All infrastructure connection strings are hard-coded in compose.integration.yml and require no configuration. .env.local is for secrets and identifiers that differ per deployment.

Variable Default Where used
NODE_RED_CREDENTIAL_SECRET (required) edge-nodered, oeecloud — encrypts stored credentials
API_KEY dev-api-key edge-nodered → edge-api auth (?token= query param)
ID_ENTERPRISE 1 edge-nodered, oeecloud — enterprise scope
ID_PUBSUB_NODE (required) edge-nodered — node ID of the pubsub-out node to enable
ALERT_EMAIL_TO dev@example.com oeecloud — silent in dev
SENDGRID_API_KEY SG.dev-placeholder oeecloud — leave as-is in dev

The compose.integration.yml pre-fills safe defaults for all connection details (DB host/port/credentials, PubSub emulator URL, Hasura URL) so the stack works out of the box with an empty .env.local.


8. Database seeding

The database is seeded automatically on first make up via the Postgres init mechanism (/docker-entrypoint-initdb.d/). Files run in alphabetical order:

File Purpose
edge-node-red/db/00-schema.sql Full schema DDL: tables, indexes, TimescaleDB hypertables, continuous aggregates, triggers
edge-node-red/db/01-seed.sql Base data: 2 enterprises (Packiot Dev + Demo Factory), sites, areas, equipments, packml_register entries, 2 users
edge-node-red/db/02-production-objects.sql Stored procedures and pg_cron jobs used by the OEE pipeline

The seed creates two fully wired enterprises:

  • Enterprise 1 — Packiot Dev: equipment 2, topic Packiot/Site1/Area1/Line1
  • Enterprise 2 — Demo Factory: equipment 4, topic Factory2/Site/Area/Line

Simulator Corp seed (optional)

For Grafana dashboard population and operator activity testing, run the Simulator Corp enterprise seed.
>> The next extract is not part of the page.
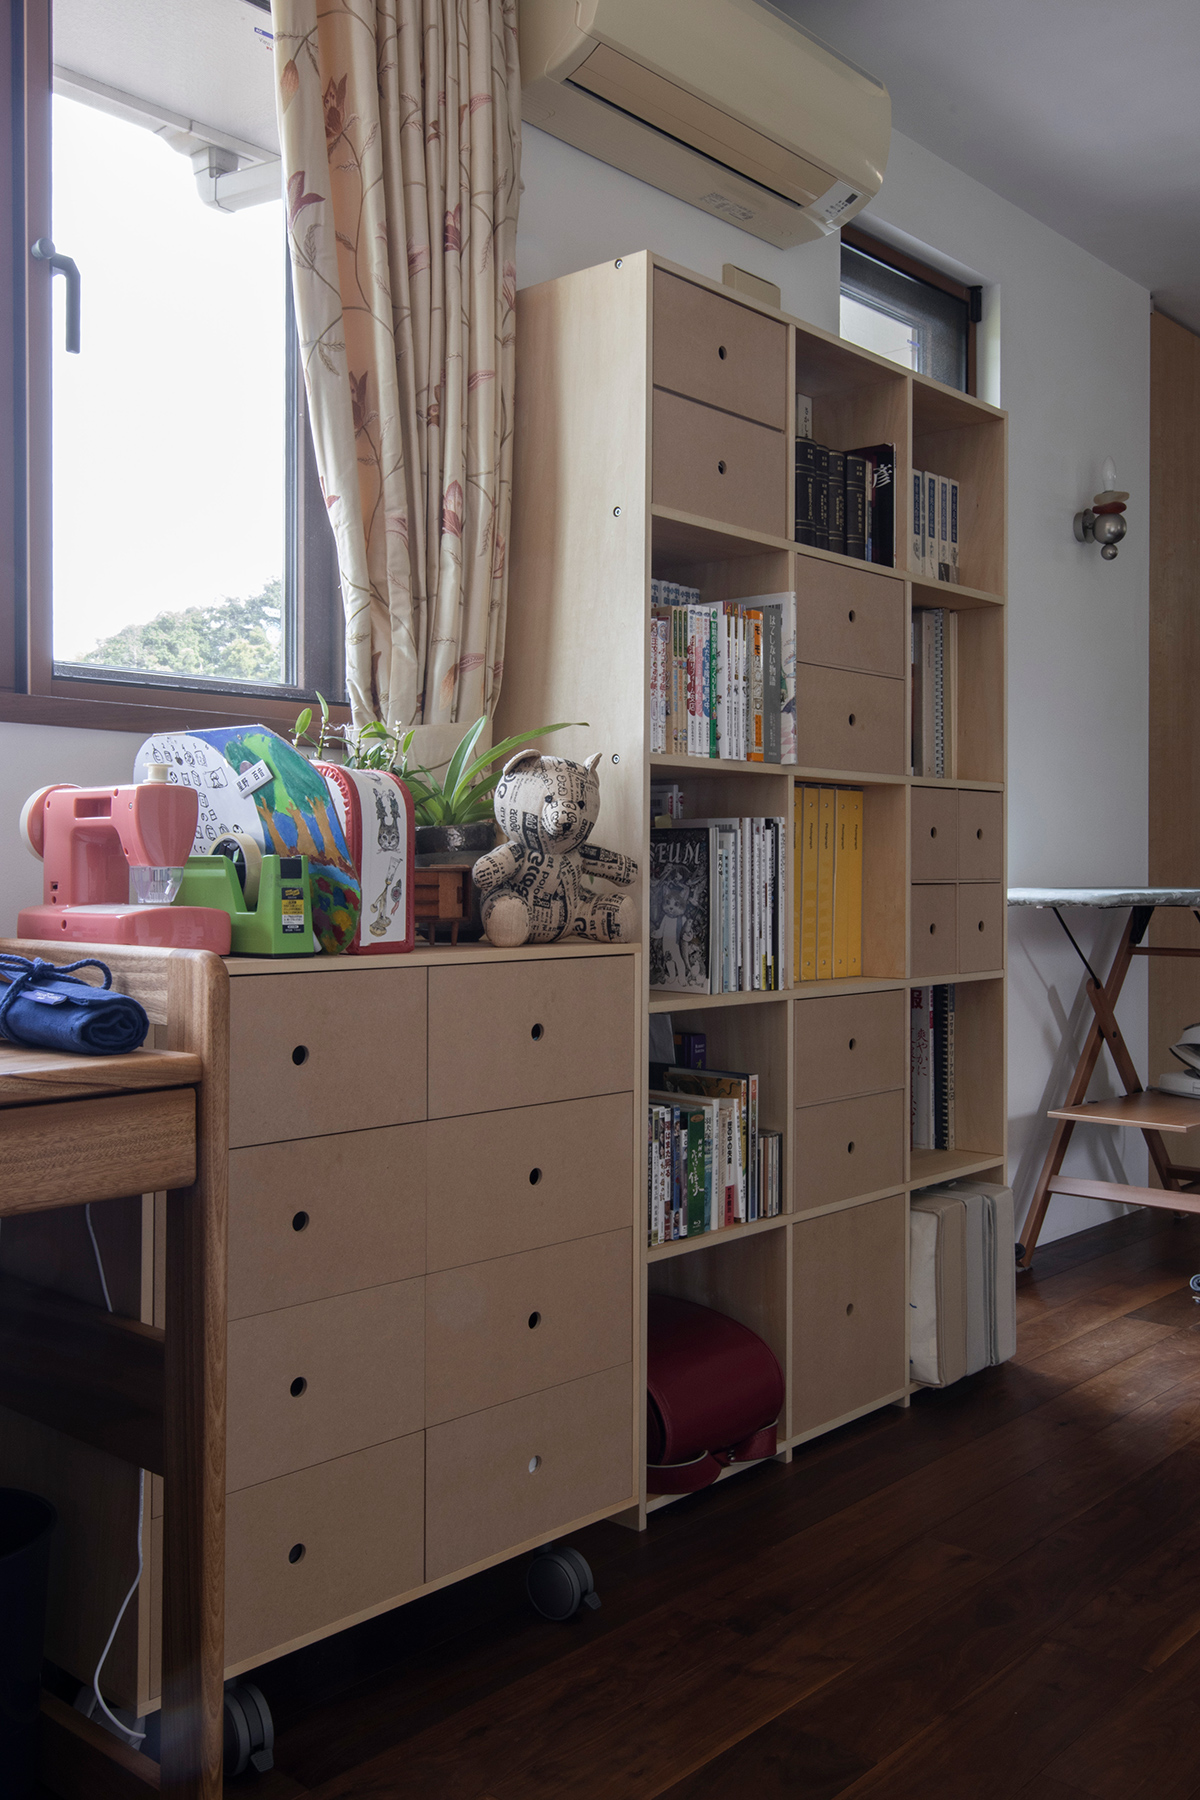 風景画の様な窓に面して | 壁一面の本棚 奥行350mm / Shelf (No.124) | マルゲリータ使用例

This creates a third enterprise with pre-seeded historical downtime events, production orders, and user_logs entries:

make sim-seed

The live simulator (make up-simulator) then keeps this data fresh with new SparkPlug ticks and operator justification events.

Resetting the database

The Postgres init scripts only run once (when the volume is empty). To re-seed:

make clean     # removes containers AND volumes (data will be lost)
make up        # fresh start — seeds automatically

9. Grafana dashboards

Grafana starts at http://localhost:3000 (login: admin / packiot). Anonymous viewer access is enabled — no login required to view dashboards.

Dashboards are provisioned from grafana/dashboards/ and are read-only in the UI (changes must be made to the JSON files and reloaded).

Dashboard Purpose
01-oee-pipeline.json OEE pipeline monitoring: Quality / Performance / Availability / OEE KPI panels + time-series. Default home dashboard.
02-equipment-config.json Equipment configuration view for CS Admin (equipment hierarchy, packml_register entries)
03-system-health.json System health: event counts, recent downtime events, open vs. justified breakdown
04-logs.json Loki log viewer: filter by service label, severity
05-operator.json Operator activity: justification rate, backlog, per-user action counts, action log

Key query patterns

OEE KPI panels use this pattern (PostgreSQL requires explicit ::numeric cast before ROUND when the source column is REAL or DOUBLE PRECISION):

SELECT ROUND((AVG(speed) / NULLIF(e.production_speed, 0) * 100)::numeric, 1) AS "Performance %"
FROM equipment_values ev
JOIN equipments e ON e.id_equipment = ev.id_equipment
WHERE $__timeFilter(ev.ts_value) AND ev.id_equipment = $equipment

Multi-value variable filters use ${var:csv} + ANY(string_to_array()) to avoid the IN ($var) syntax error when Grafana substitutes "All":

WHERE ('${enterprise:csv}' = '.*'
       OR id_enterprise IN (
           SELECT id_enterprise FROM enterprises
           WHERE nm_enterprise = ANY(string_to_array('${enterprise:csv}', ','))
       ))

10. Simulator

The simulator replaces real factory PLCs for local development. It has two layers that run concurrently:

PLC layer (MachineState)

One thread per machine, fires every 5 seconds. Publishes SparkPlug B JSON payloads to edge-nodered /plc-data:

{
    "timestamp": <unix ms>,
    "gateway": "dummy",
    "metrics": [
        {"name": "Enterprise/Site/Area/Machine/Status/StateCurrent",    "value": 6},
        {"name": "Enterprise/Site/Area/Machine/Status/ProdProcessedCount",
         "value": 12, "counter": 1024, "curspeed": 118},
        {"name": "Enterprise/Site/Area/Machine/Status/ProdDefectiveCount",
         "value": 0, "counter": 40},
        {"name": "Enterprise/Site/Area/Machine/Status/CurMachSpeed",    "value": 118},
    ]
}

State transitions between running (state=6) and stopped (state=10) happen at a configurable frequency. Enterprise 2 (Demo Factory) uses higher scrap rates and more frequent transitions to produce visually interesting OEE variation.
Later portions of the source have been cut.